[Exercise data — start]

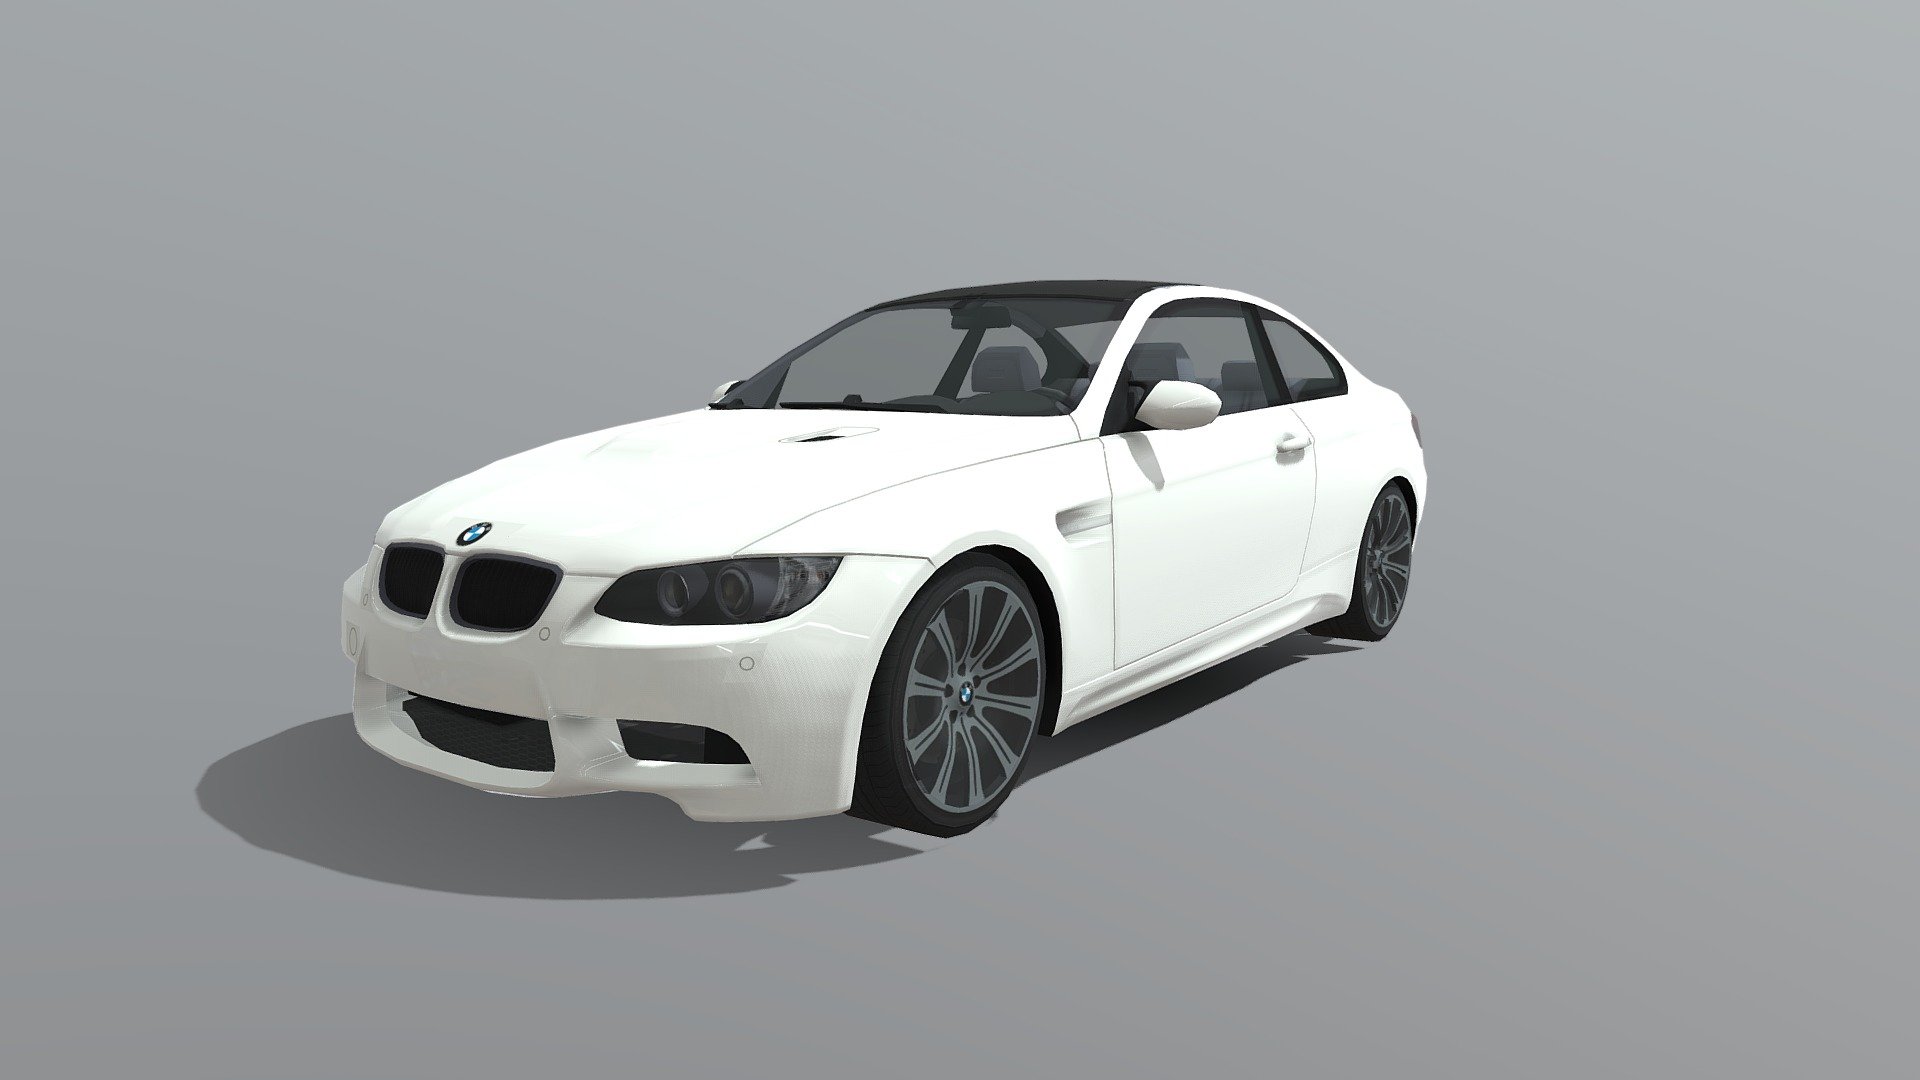 Спортивные версии автомобилей BMW 3 серии от дочерней компании BMW M GmbH.

Основными отличиями от «стандартных» автомобилей BMW 3 серии являются более мощный двигатель, улучшенная подвеска, изменённый дизайн, множественные акценты как в интерьере, так и в экстерьере, указывающие на принадлежность к линейке «M»/Motorsport.

Выпускаются с 1986 года. Первая версия BMW M3 (E30) была запущена в 1986 году и предлагалась только как двухдверный седан. С середины 1988 года M3 также предлагался как кабриолет.

Осенью 1992 года была представлена версия-преемник на базе E36, двухдверный вариант 3-й серии впервые стал называться купе. С 1994 года он также был доступен в виде четырехдверного седана и кабриолета 3d model

[Exercise data — finish]

Exercise: Restate word for word the lines from the one holding "Основными отличиями от" to the end of the listing, both ends included, and nothing more.

Task result:
Основными отличиями от «стандартных» автомобилей BMW 3 серии являются более мощный двигатель, улучшенная подвеска, изменённый дизайн, множественные акценты как в интерьере, так и в экстерьере, указывающие на принадлежность к линейке «M»/Motorsport.

Выпускаются с 1986 года. Первая версия BMW M3 (E30) была запущена в 1986 году и предлагалась только как двухдверный седан. С середины 1988 года M3 также предлагался как кабриолет.

Осенью 1992 года была представлена версия-преемник на базе E36, двухдверный вариант 3-й серии впервые стал называться купе. С 1994 года он также был доступен в виде четырехдверного седана и кабриолета 3d model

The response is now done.